Column:
'Couples Retreat' is a blockbuster snore
Published Oct. 16, 2009
Topping the box office this week is Vince Vaughn and Jon Favreau's latest comedic collaboration, "Couples Retreat." Vaughn and Favreau share the screen time and the writing credit once again, but this time the directorial helm was handed over to long time friend and former child-star Peter Billingsley, aka that kid from "A Christmas Story."
Billingsley is not the only friend Vaughn and Favreau brought along, with Jason Bateman, Kristen Bell and Malin Akerman adding to the jovial ensemble cast. Unfortunately, "Couples Retreat" proves to be nothing more than a happy cast, an island backdrop and a yawn-inducing script.
In "Couples Retreat" Vaughn, Bateman and Favreau play Dave, Jason and Joey, the patriarchs of three relatively dysfunctional families. Dave is distant, Jason is controlling and Joey is constantly toeing the line between flirting with the opposite sex and outright cheating. At Jason's behest, the gang and their wives (Akerman, Bell and Kristin Davis) embark on a fun-filled trip to Eden, a couples' resort in Bora-Bora. More than simple island fun is on Eden's menu though, when the group finds themselves in mandatory marriage counseling.
"Couples Retreat" has a few things working for it. The likeability of the cast and the island locale work for the film, but the script does all but hang together. Although the film does flow relatively well between its multiple storylines, the script never seems to decide whether it wants to be a real commentary on love and marriage or simply a ridiculous situational comedy.
The script blatantly tells the audience the characters have learned their lesson, but the nature of the film keeps the viewers from truly seeing the evolution of the characters into the couples they are supposed to be.
More than anything, "Couples Retreat" brings us nothing we have not seen before. The ideas of an arrogant husband often fighting with the wife he ultimately loves, a woman who wants to end her relationship for all the right reasons or a quip slinging, relatively good, but ultimately conflicted men are all things we have seen before.
Not to mention we've seen the same tropes from these very actors before. Favreau honed his bravado in "I Love You, Man," Bell has righteously quashed a relationship in "Forgetting Sarah Marshall" and Vaughn has spit out deliriously dizzying speeches in nearly every movie of which he has taken part. Although the starring actors are clearly phony in their performances, the supporting cast sold their goofy roles, providing some of the only laugh out loud moments.

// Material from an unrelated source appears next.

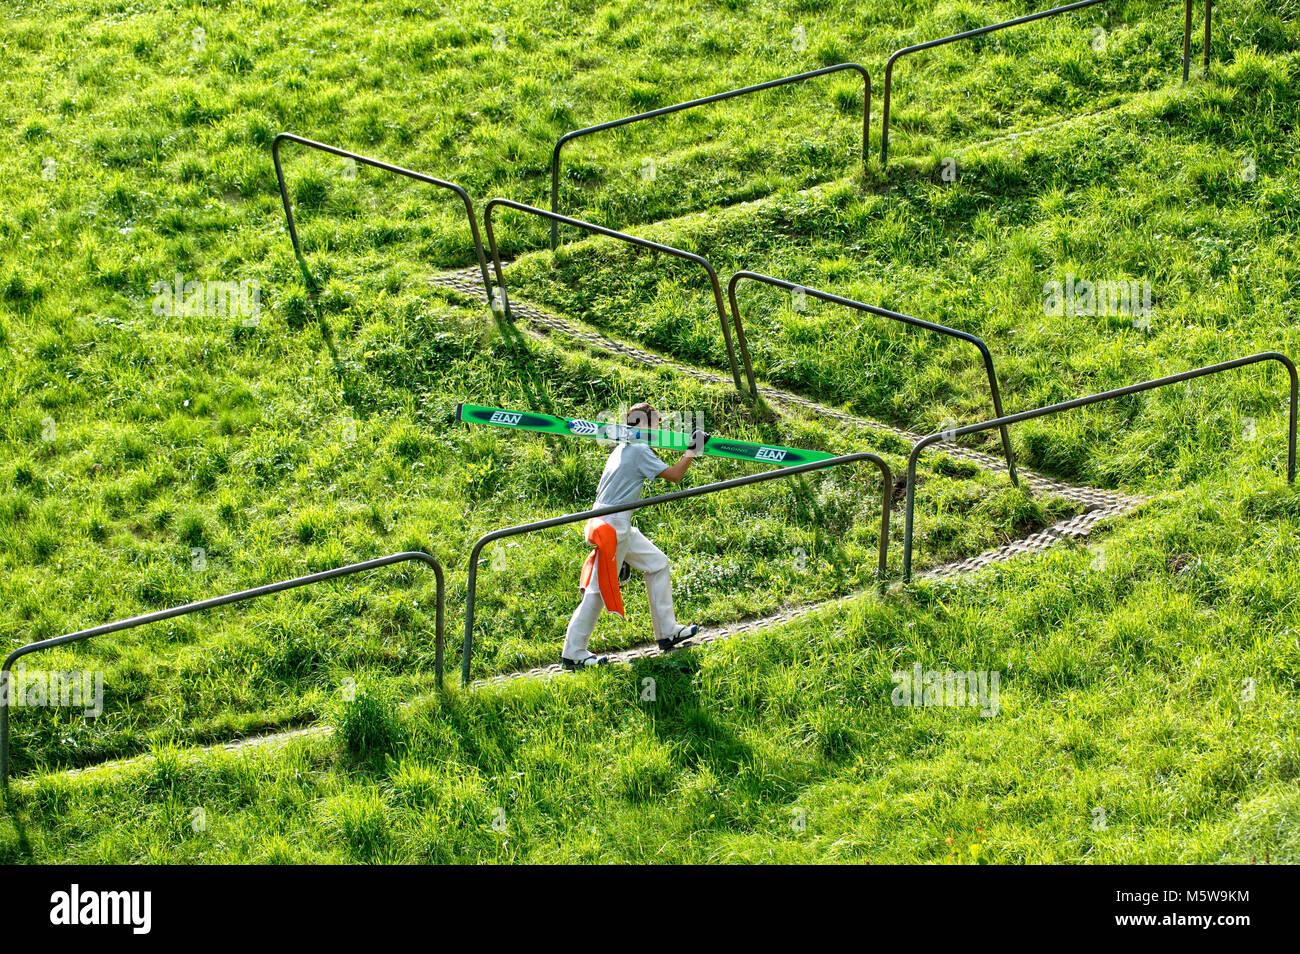 Ski jumper in summer, Meinhardus Jump, Meinerzhagen, North Rhine-Westphalia, Germany, Europe - Stock Image
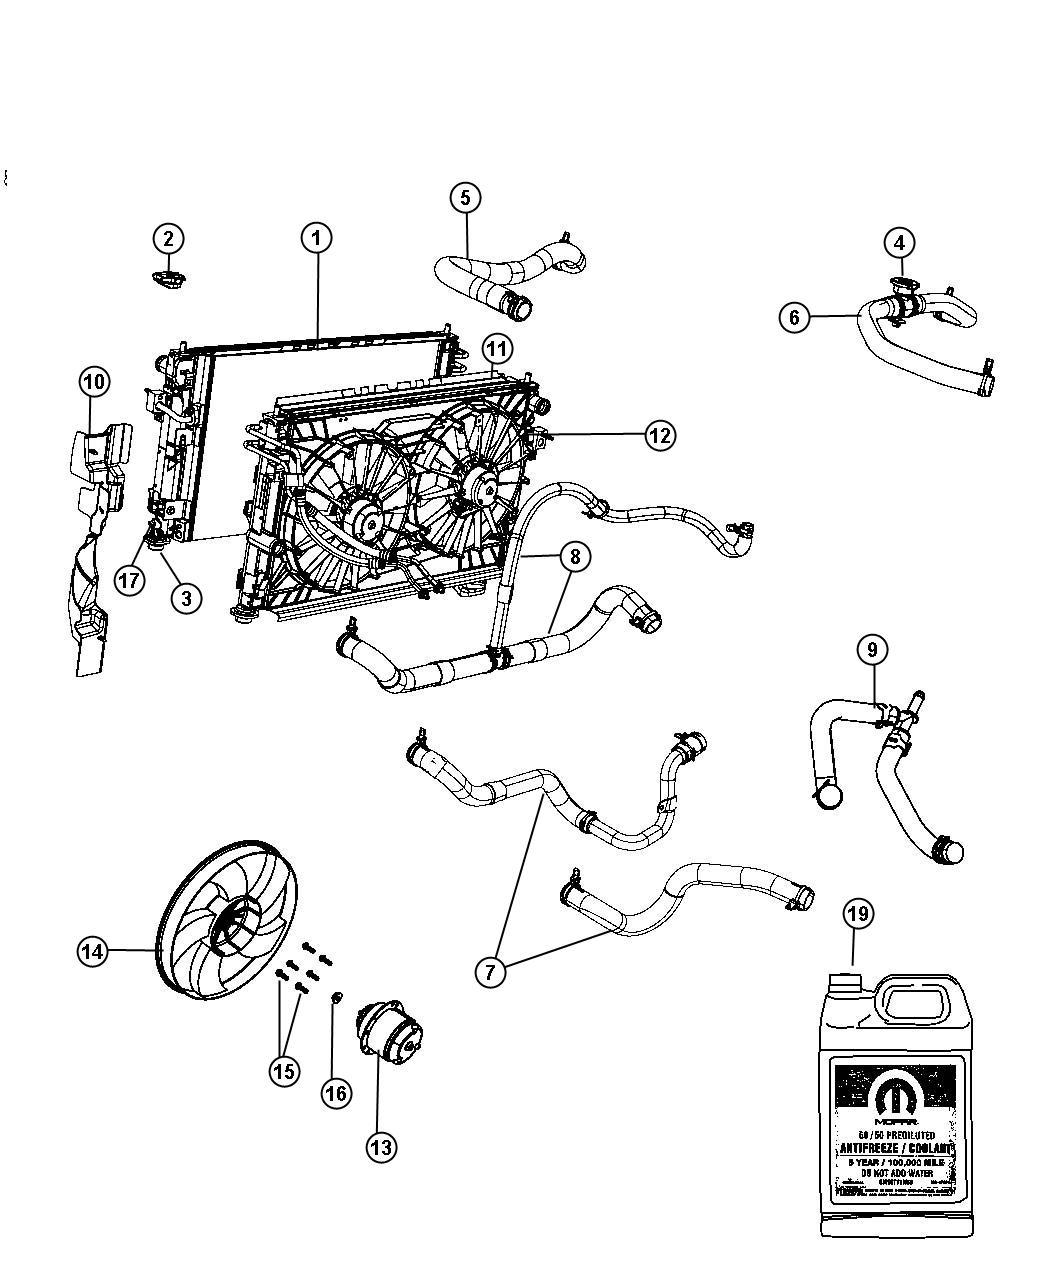 2009 Chrysler Sebring Hose. Radiator inlet. Maintenance

Peter Serafinowicz's smooth-voiced, "Guitar Hero"-loving Sctanley and Jean Reno's super-Zen marriage counselor are a few of the fun side characters who remain thoroughly underutilized. The background actors added a great amount of humor to the film, but unfortunately they only added to the silly humor already provided by the main characters.
Ultimately, Billingsley and co. did not really know what made their film funny, overusing what they thought was working and throwing aside what truly did. The result is "Couples Retreat," a forgettable, annoyingly light-hearted movie that simply runs too smooth to be of any note, leaving the audience wondering if the entire movie was simply a ploy for the actors to vacation in Bora-Bora.